# Data

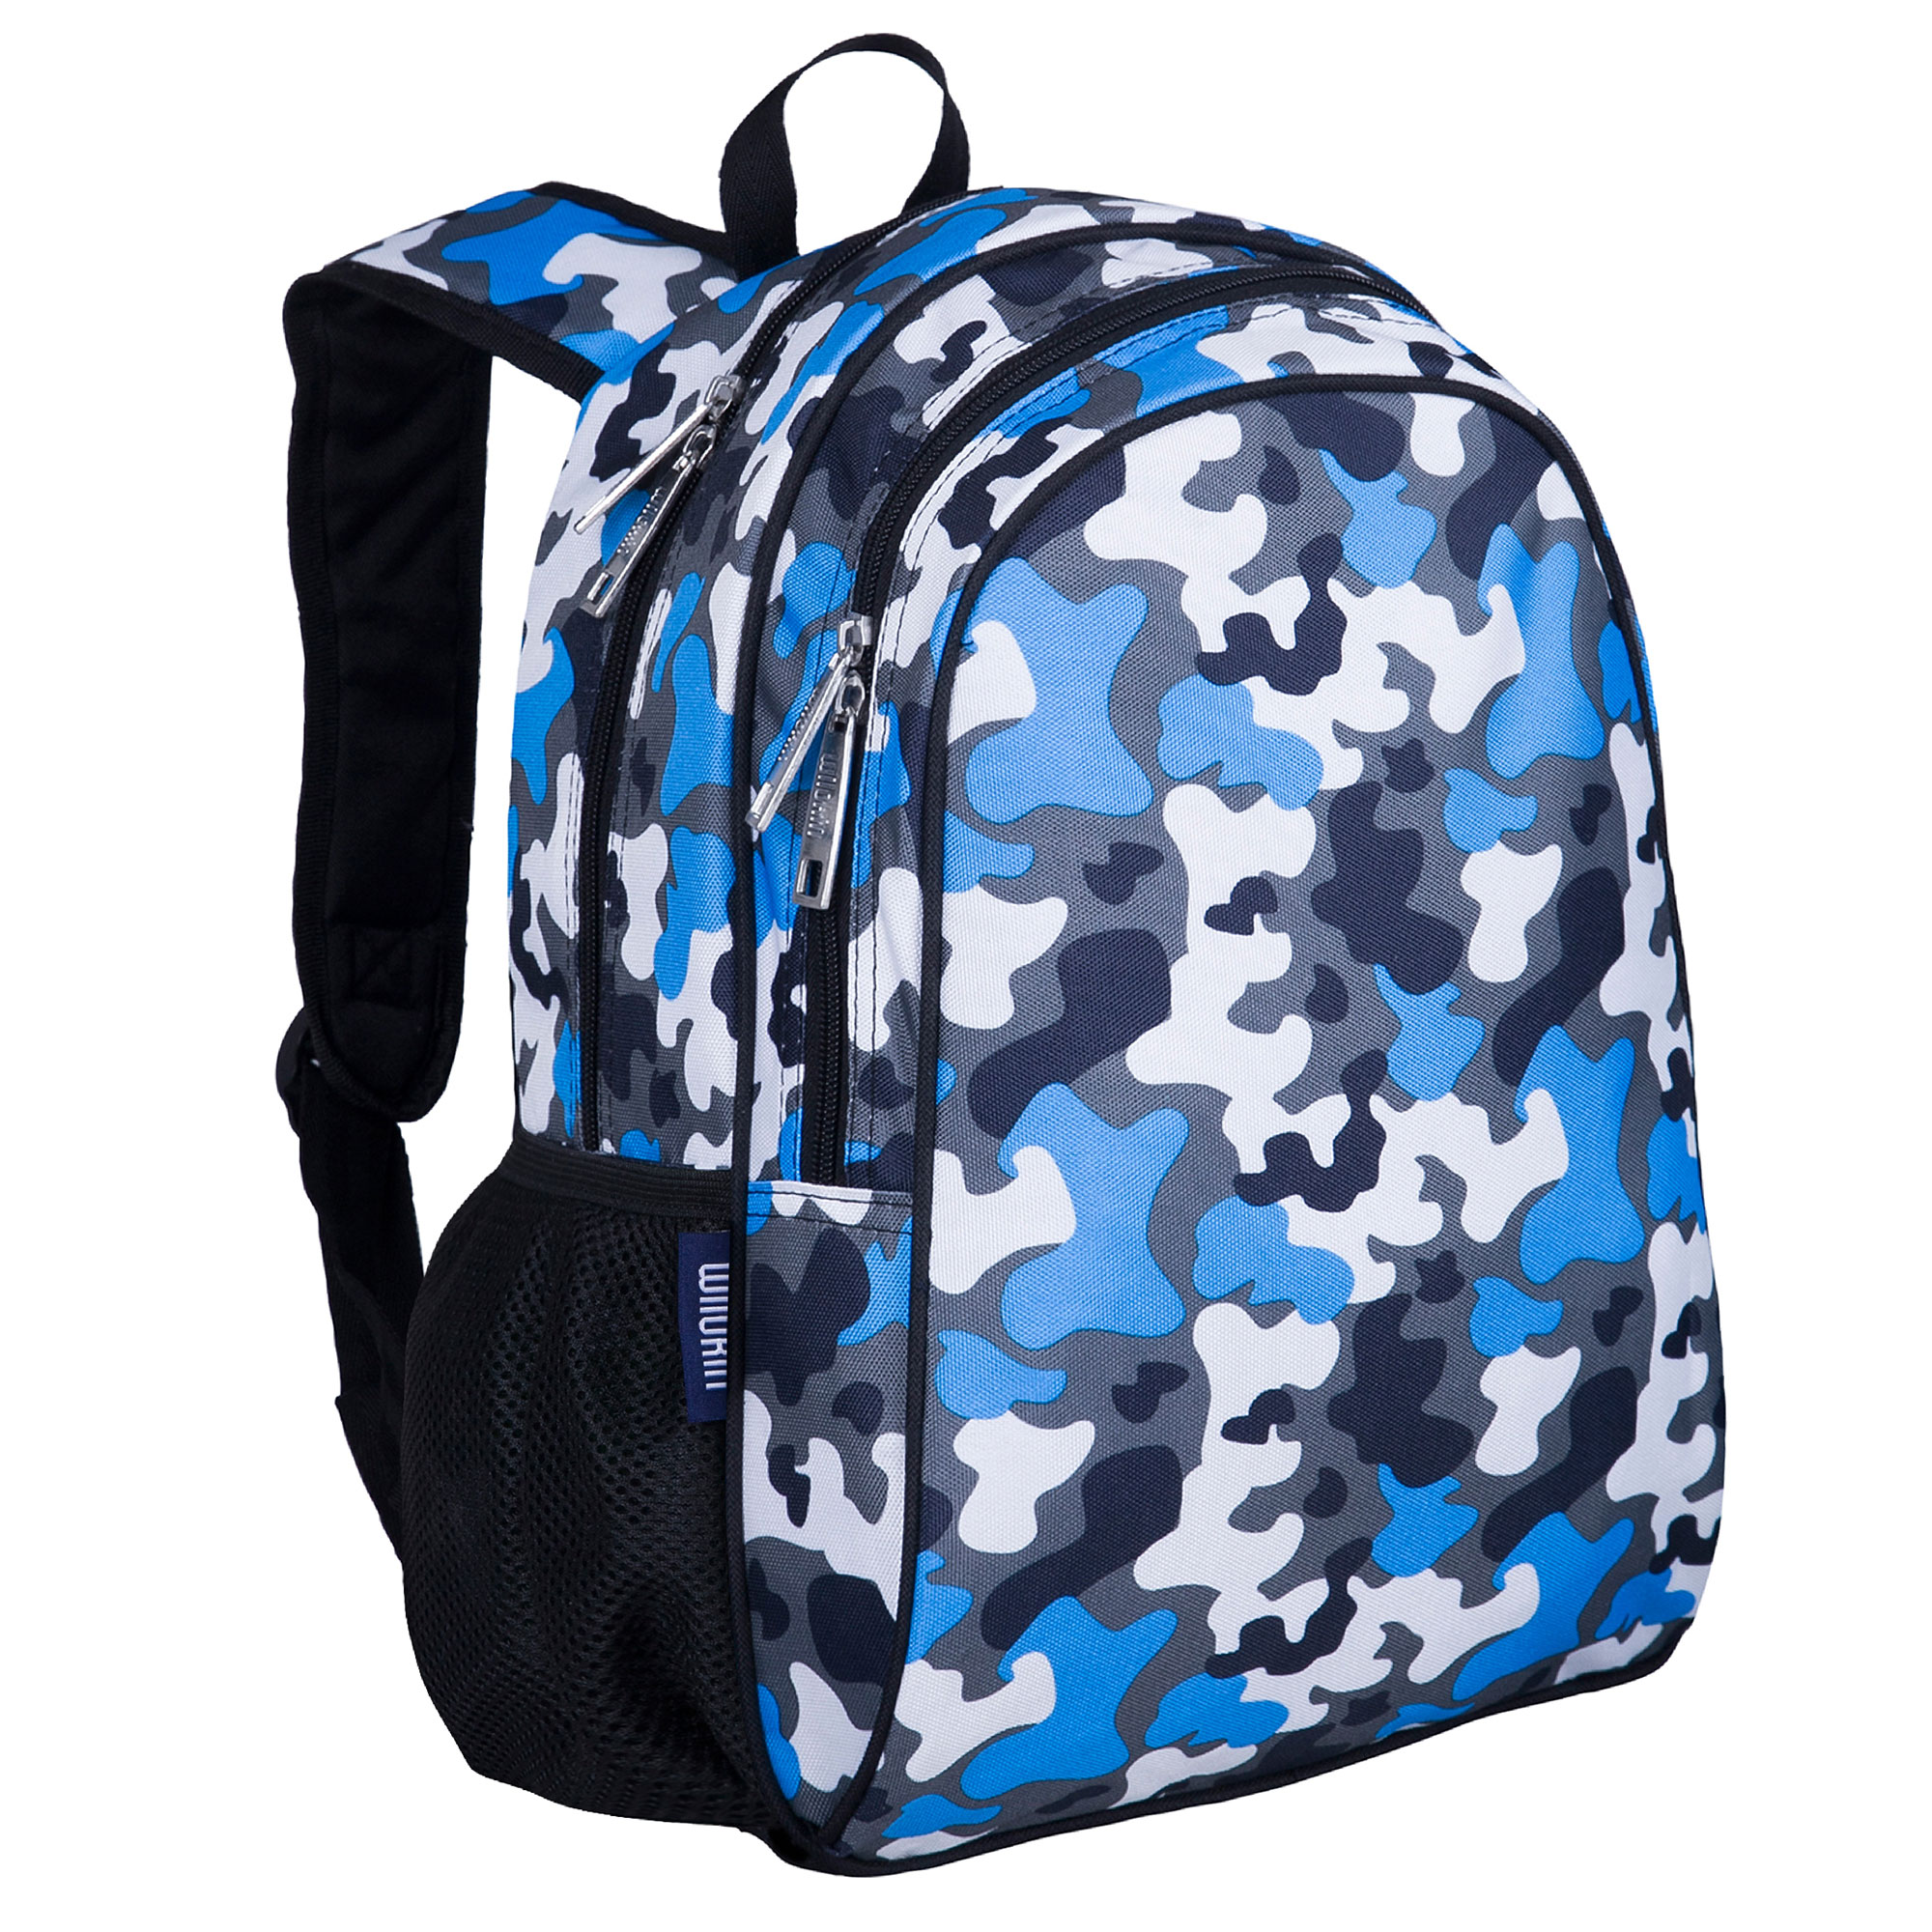 Wildkin Kids 15 Inch School and Travel Backpack for Boys and Girls (Blue Camo) - image 1 of 7
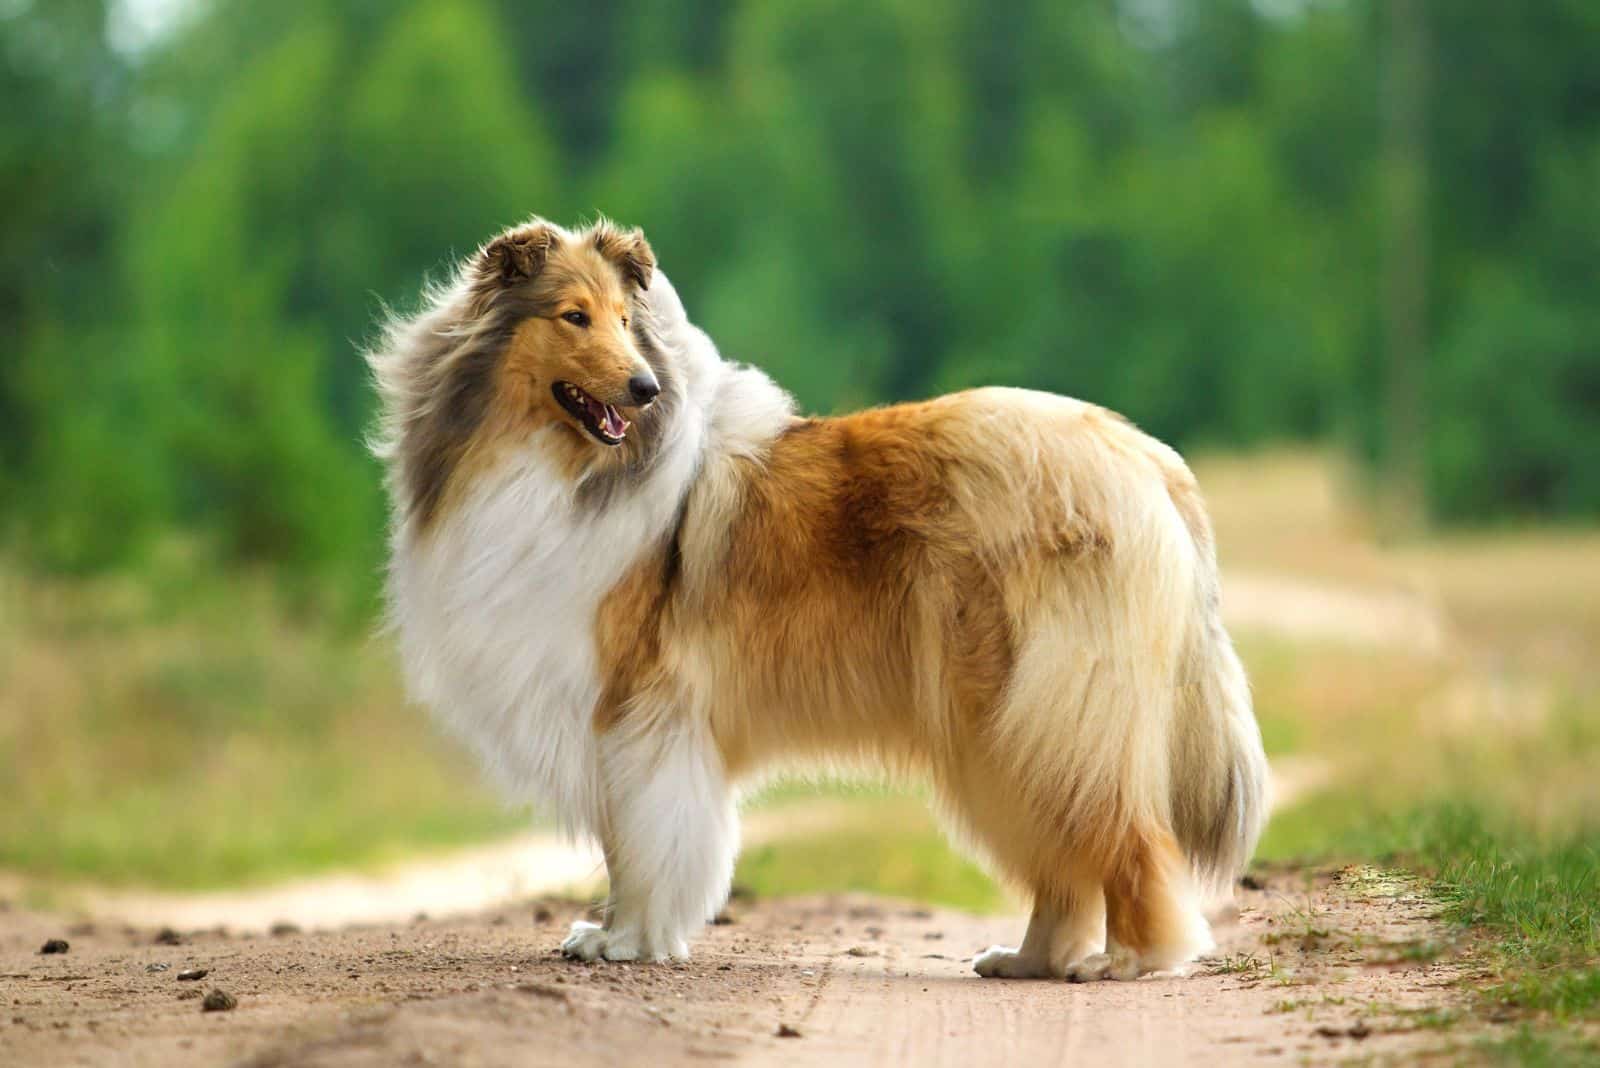 Rough Collie stands on the street and looks around
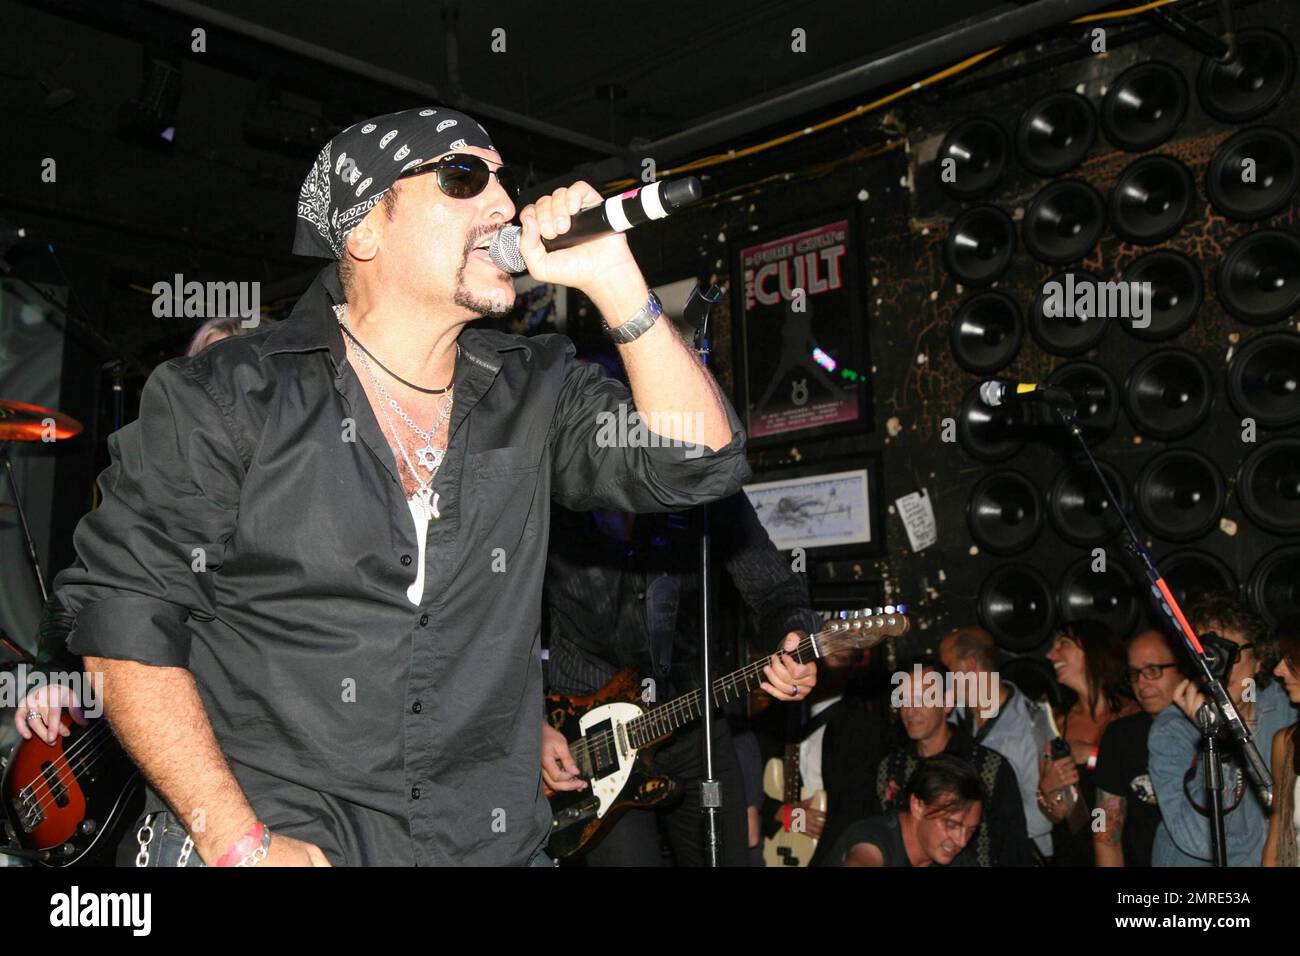 Carmine Appice performs at the John Varvatos 10th Anniversary Party held at at John Varvatos 315 Bowery Boutique, once the iconic rock club CBGB. New York, NY. 09/11/10. Stock Photo

# Brief
Reproduce the listing word for word, but keep the pictures out of it.

# Result
 Wildkin Kids 15 Inch School and Travel Backpack for Boys and Girls (Blue Camo) - image 1 of 7
 Rough Collie stands on the street and looks around
 Carmine Appice performs at the John Varvatos 10th Anniversary Party held at at John Varvatos 315 Bowery Boutique, once the iconic rock club CBGB. New York, NY. 09/11/10. Stock Photo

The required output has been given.